Welcome to Things Worth Remembering, our weekly column in which writers share a poem or paragraph that all of us should commit to heart. This week, award-winning sportswriter Peter Richmond looks back on the moment his career took a remarkable turn, sparked by poetry from an unlikely source: Elvis Costello.
My ninth-grade English teacher, Mac, was appropriately English. He favored tweed jackets, sweater-vests, and tortoiseshell glasses, and spoke in a very Merchant Ivory voice—which he frequently used to emphasize to the class that the poetry of a handful of white European men from distant centuries represented the pinnacle of Western literature. Poetry, Mac said, in the exactitude of its language and form, held the key to the exquisite beauty of the literary promised land.

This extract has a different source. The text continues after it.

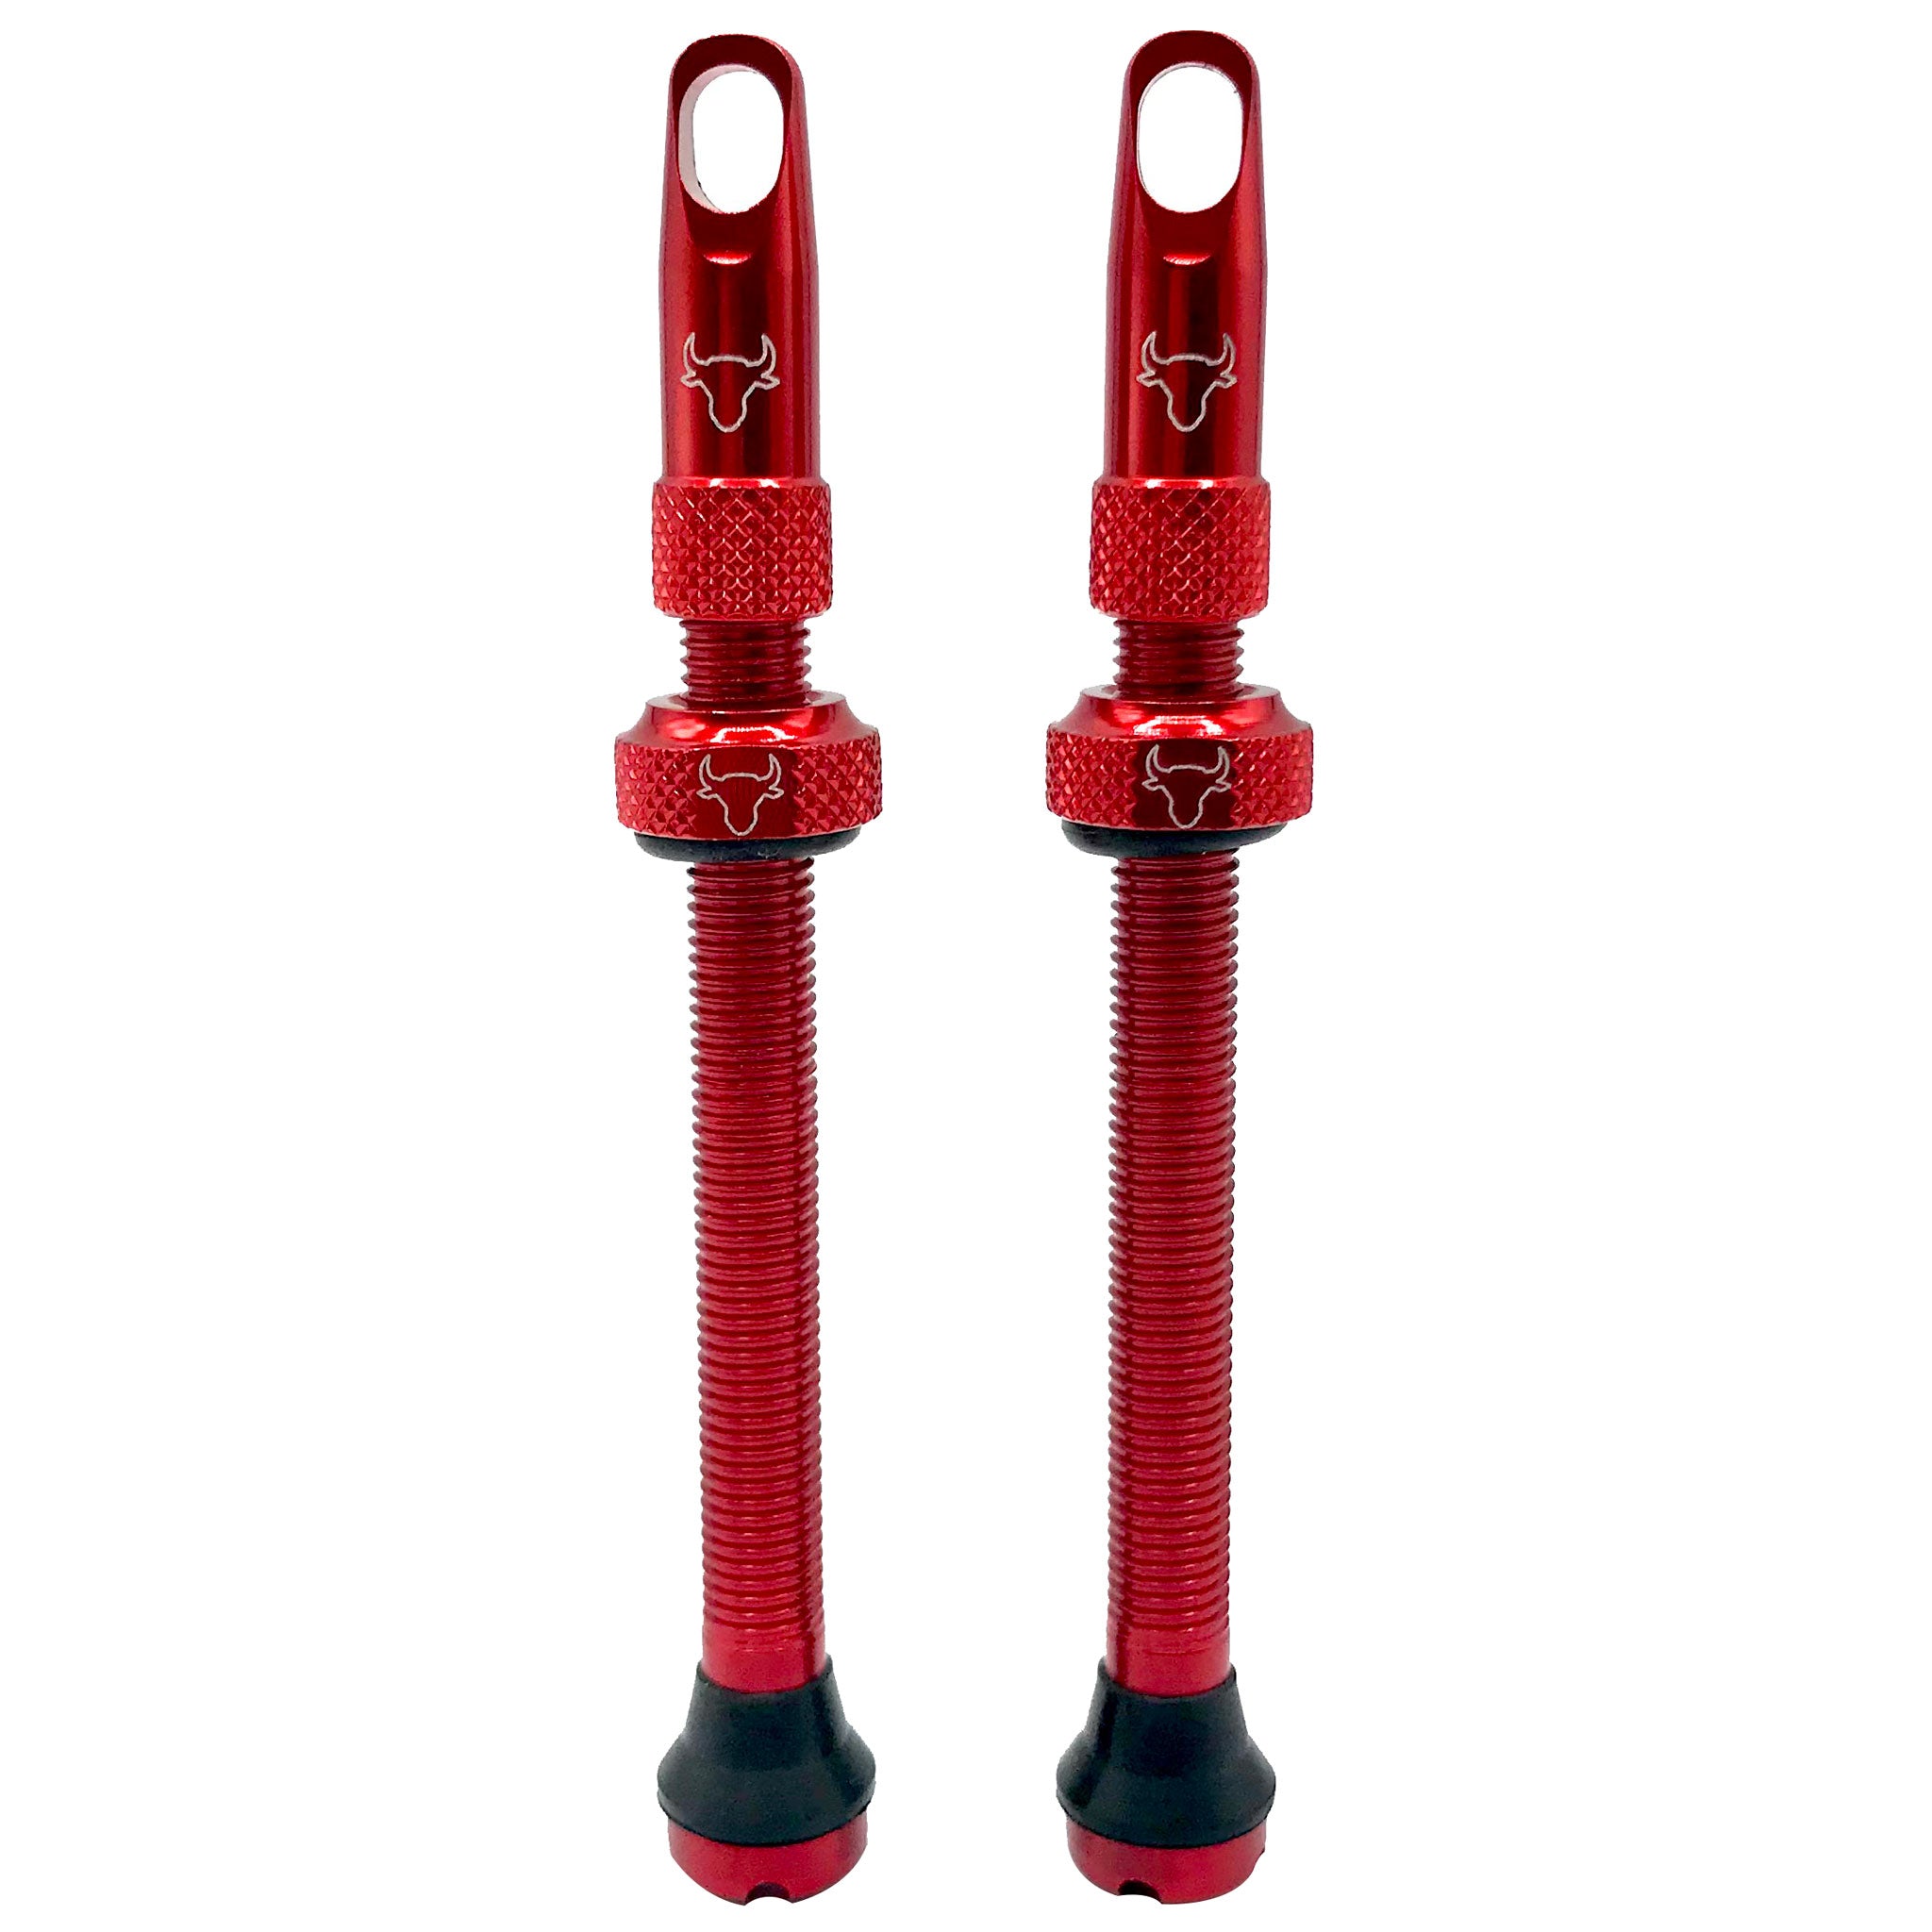 Hold Fast Cycling Tubeless Valve Stem 65mm (Pair) - Red

Mac was a great teacher, so I trusted him. But I could not untangle the words of Lord Byron and John Keats. “Lethe-wards had sunk” wasn’t the kind of phrase that made me want to know what Keats’s “Ode to a Nightingale” was trying to tell me. I knew I wanted to be a writer, but I liked to read and write stories that had a narrative arc. Poems generally left me wondering why the sentences were randomly diced up; if they were even sentences at all. And so, for many years, I believed that until I found a way into the lyrical mysteries of classical poetry, I’d be forever deprived literarily, and a lesser writer for it.